Instructions for the task: Without any of the pictures, set down the data below exactly.

Material provided:
◆ ◆ ◆ ◆ ◆ ◆ ◆
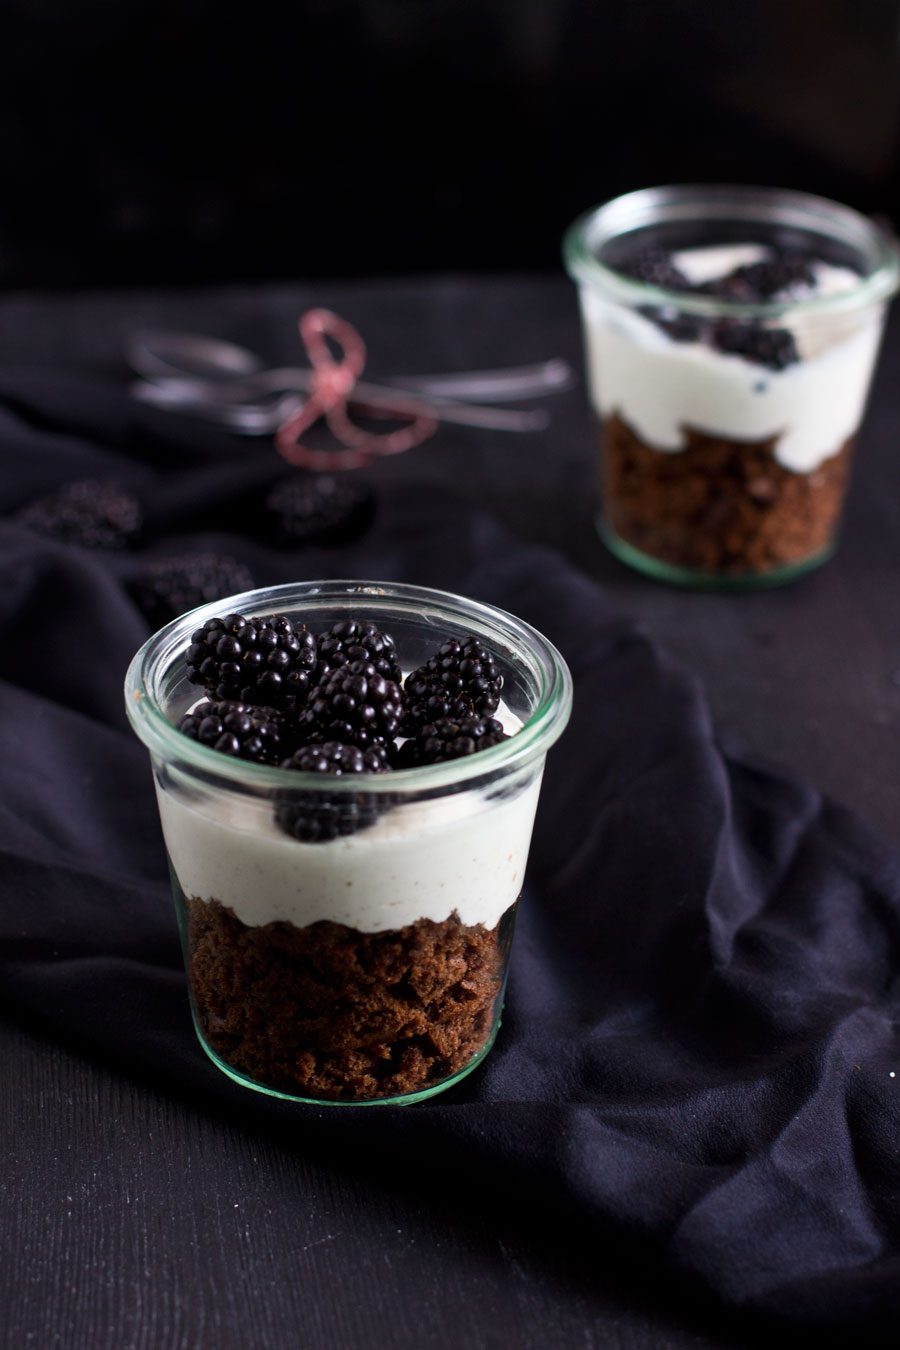 Easy summer dessert to go: chocolate cake in a jar with fresh sour cream and blackberries
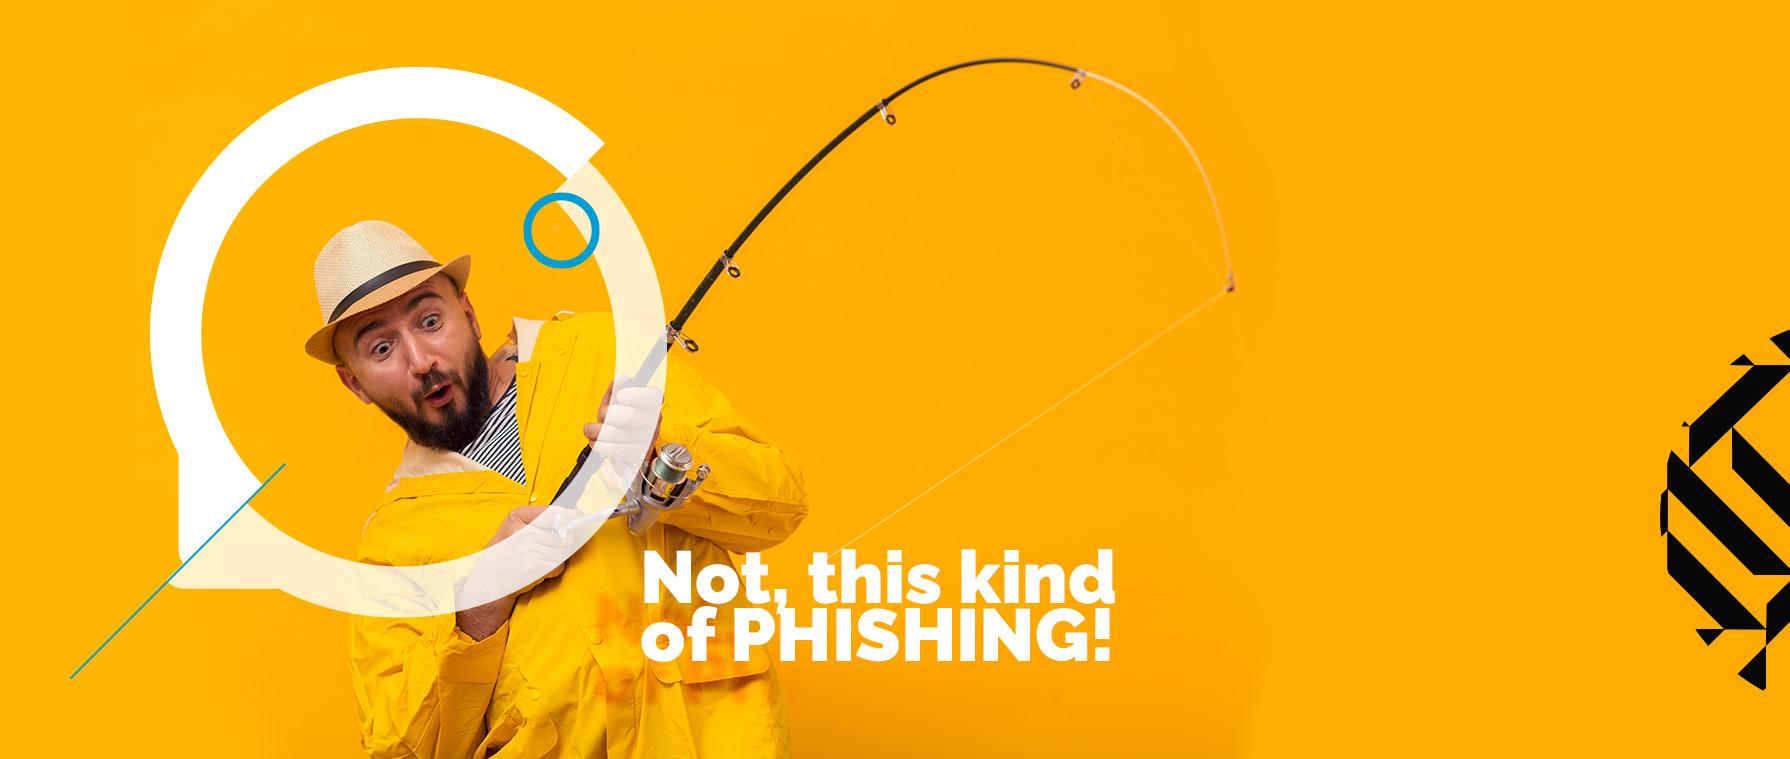 5 Types of Phishing Attacks and how to spot them
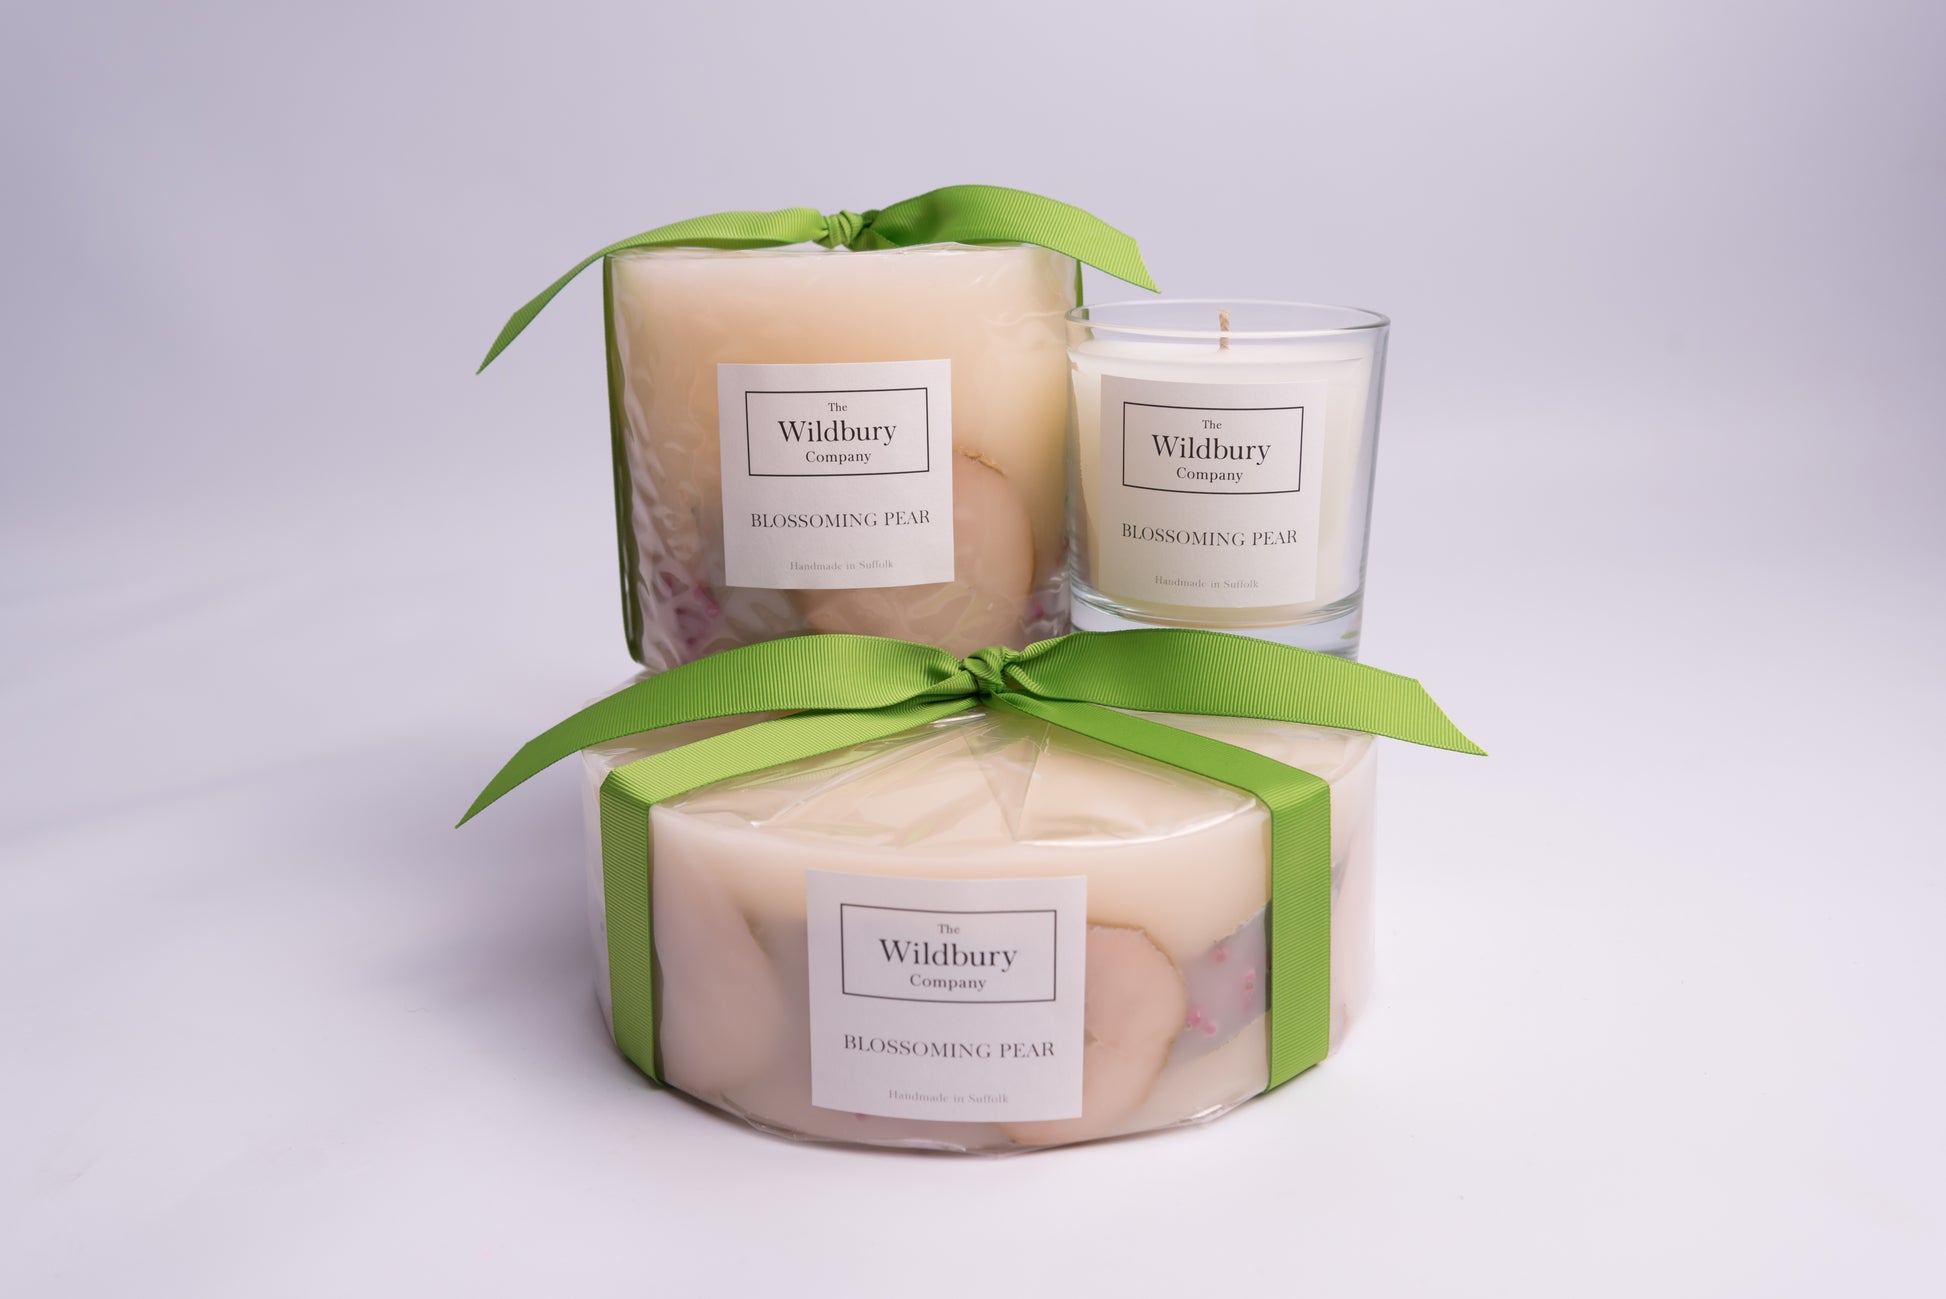 Collection of three candles, all in the fragrance Blossoming Pear layered on top of one another.
◆ ◆ ◆ ◆ ◆ ◆ ◆
Written reply:
 Easy summer dessert to go: chocolate cake in a jar with fresh sour cream and blackberries
 5 Types of Phishing Attacks and how to spot them
 Collection of three candles, all in the fragrance Blossoming Pear layered on top of one another.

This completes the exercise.